BEGIN DATA BLOCK

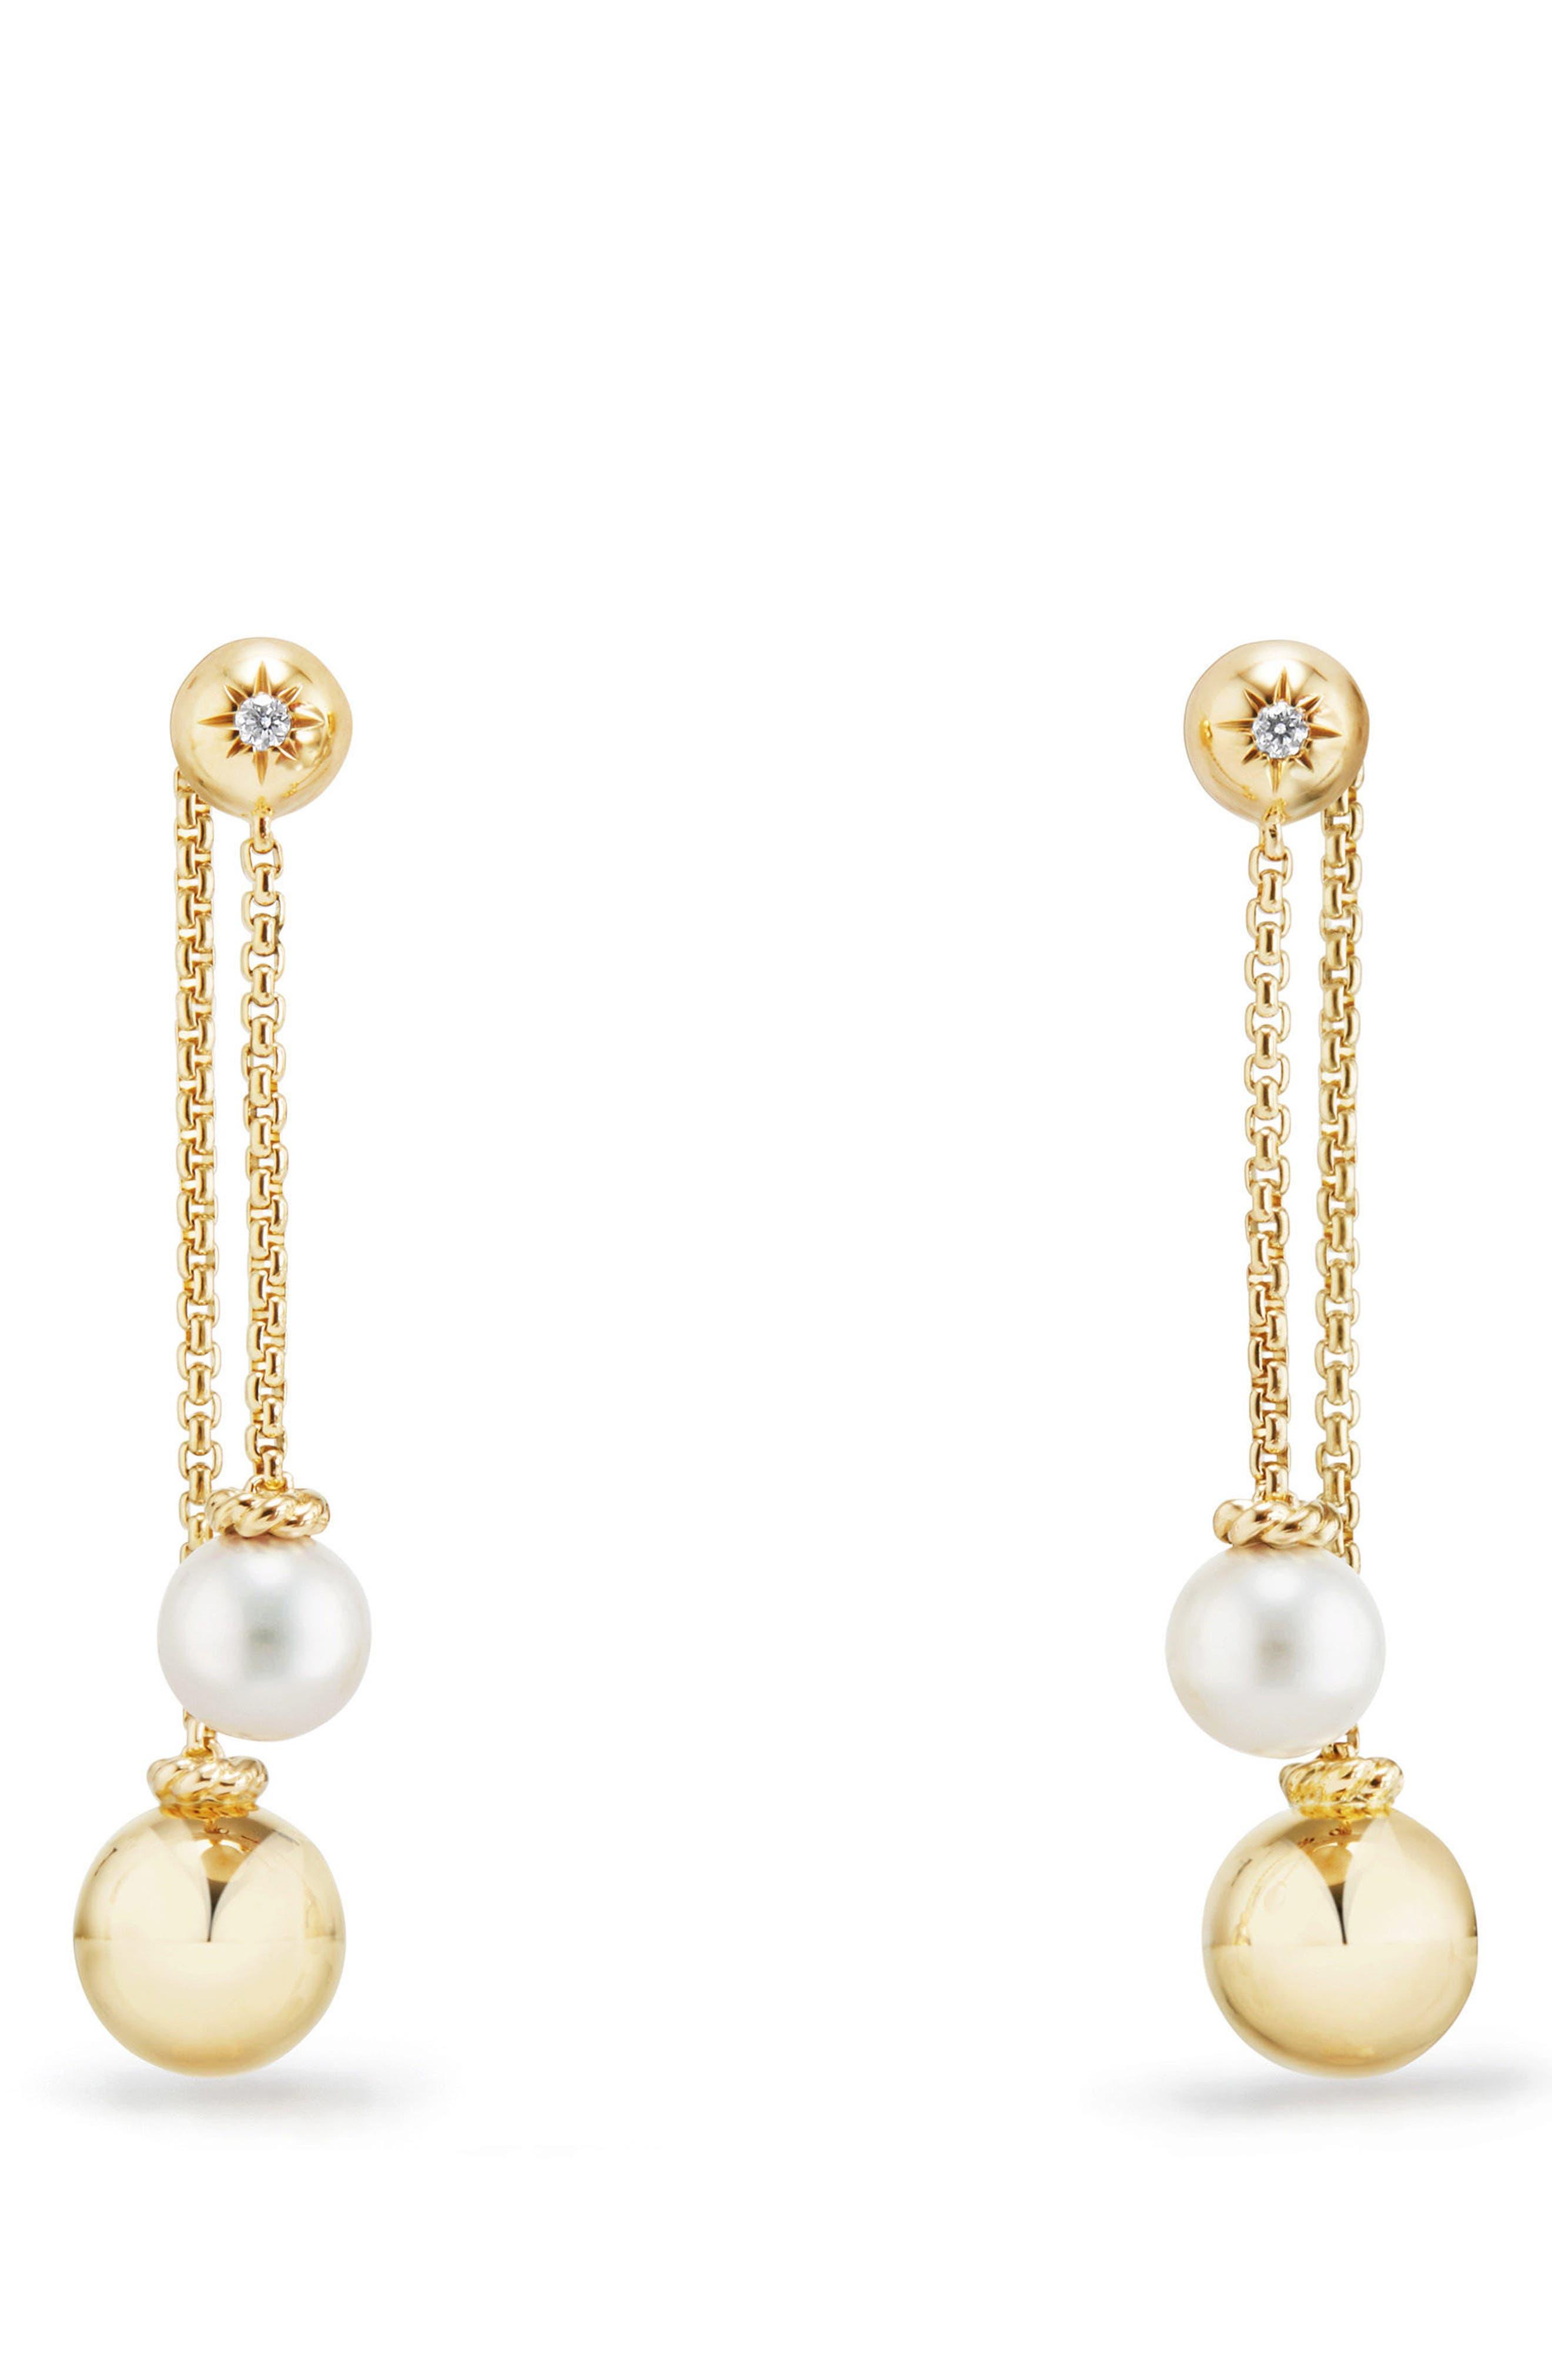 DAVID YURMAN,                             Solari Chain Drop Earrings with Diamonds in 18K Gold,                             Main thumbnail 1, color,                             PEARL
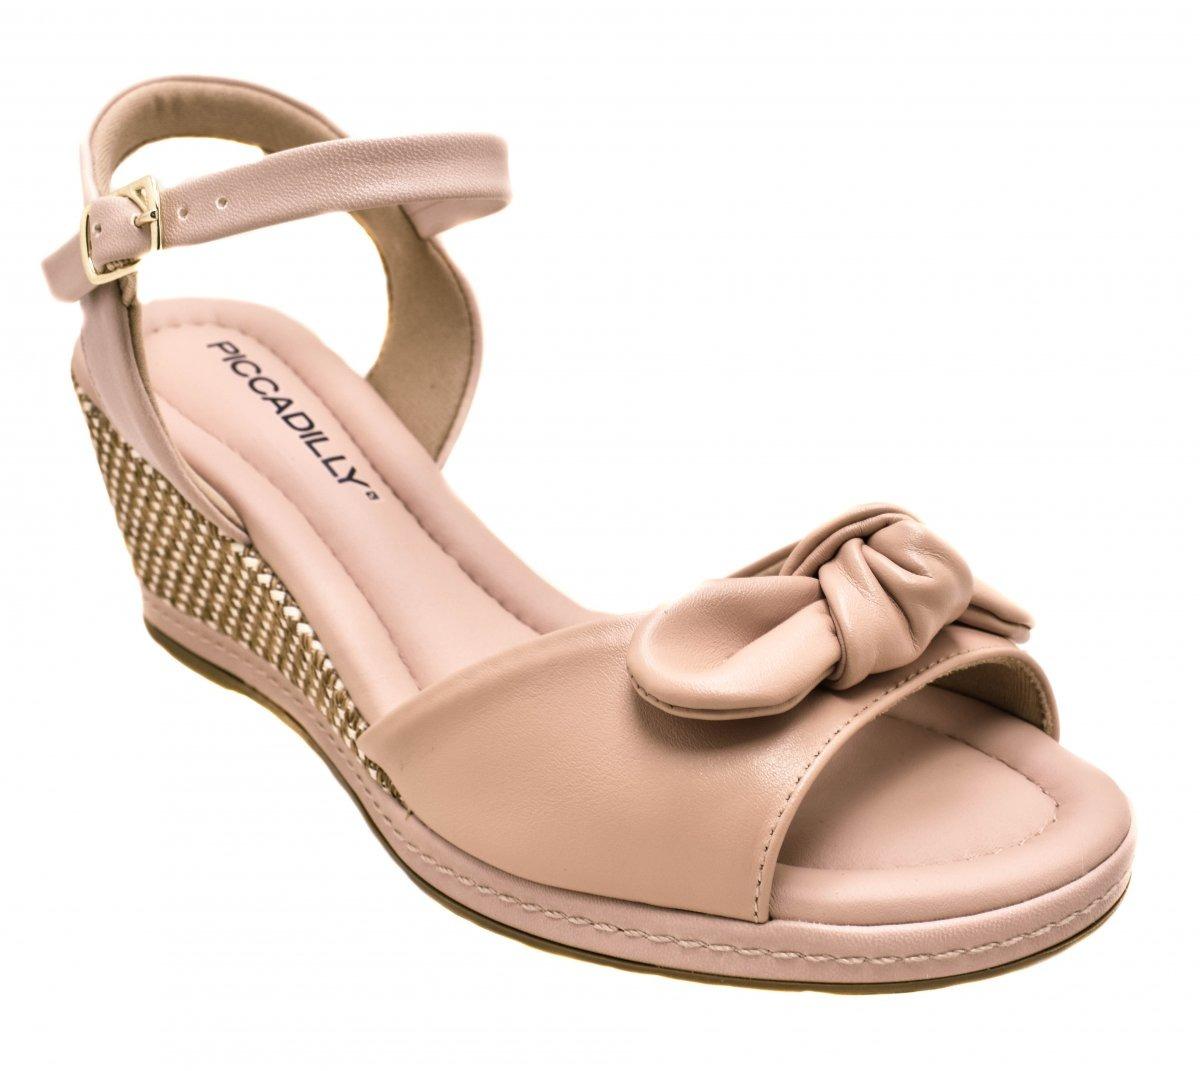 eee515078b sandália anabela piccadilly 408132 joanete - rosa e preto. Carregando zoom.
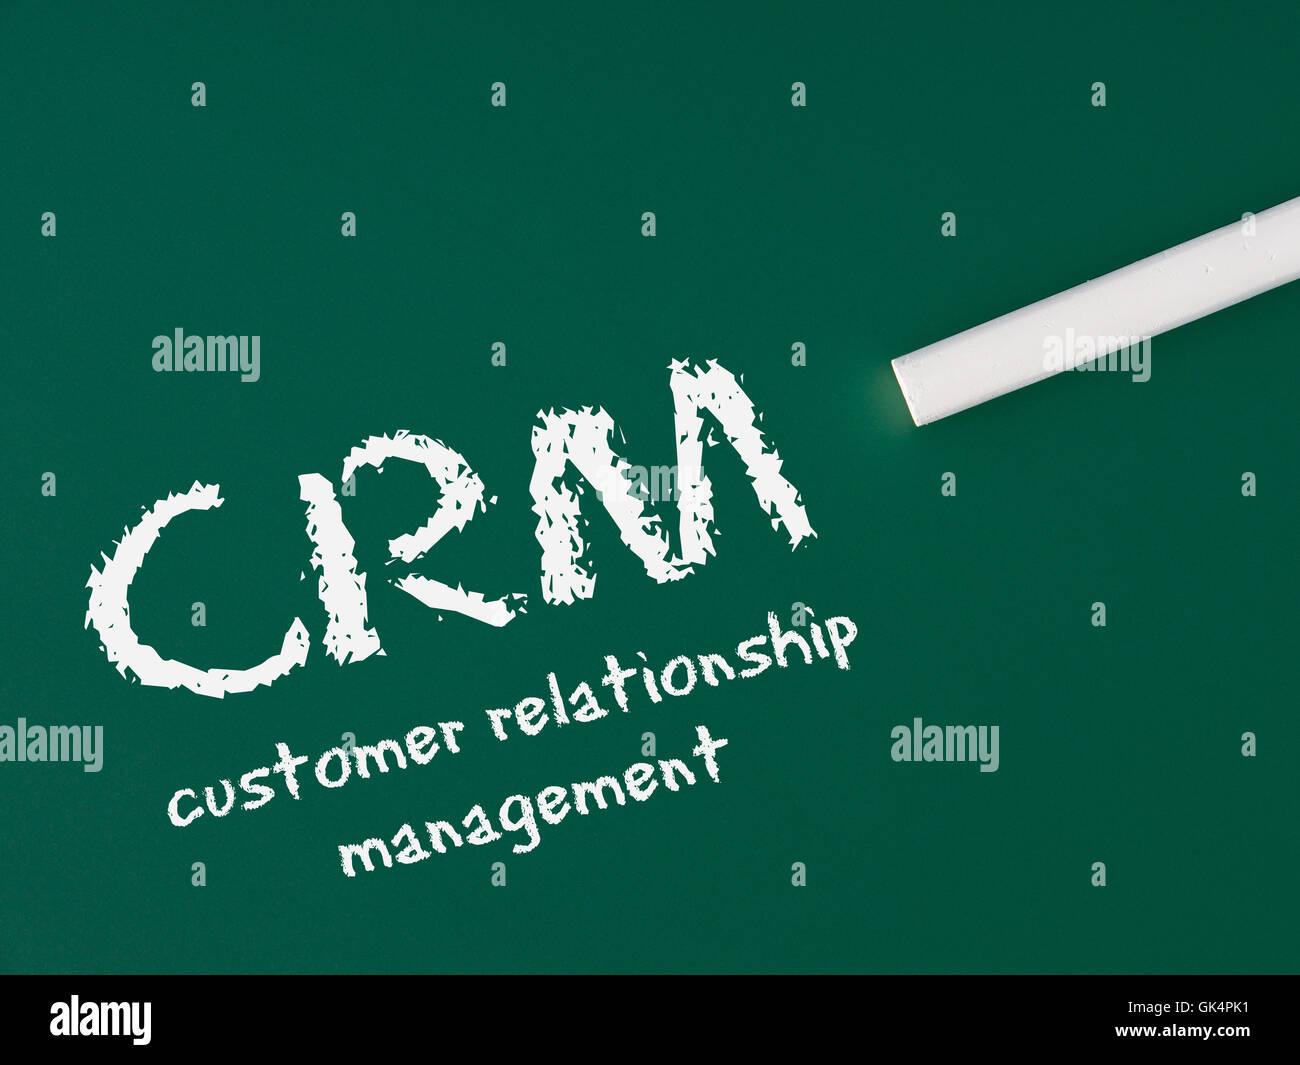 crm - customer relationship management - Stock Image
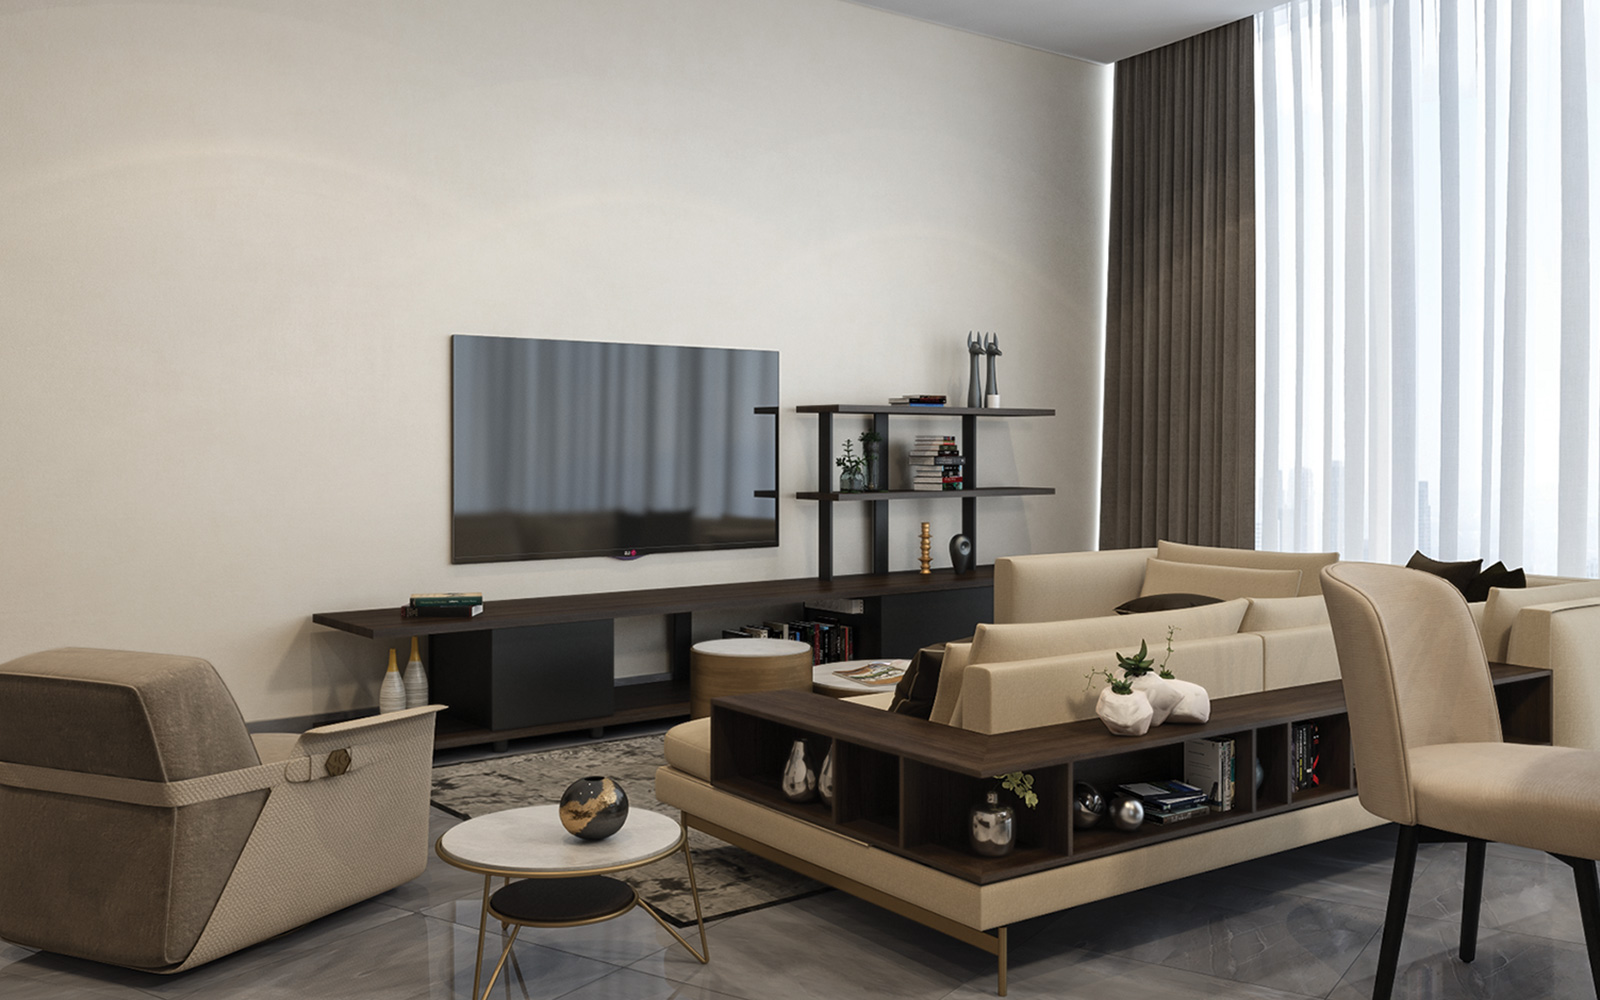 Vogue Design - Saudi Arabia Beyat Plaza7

END DATA BLOCK

=== ASSIGNMENT ===
Skip the pictures; extract only the lines from the line with "crm - customer" through the final line of the material, exactly as they appear.

=== PROBLEM SOLUTION ===
 crm - customer relationship management - Stock Image
 Vogue Design - Saudi Arabia Beyat Plaza7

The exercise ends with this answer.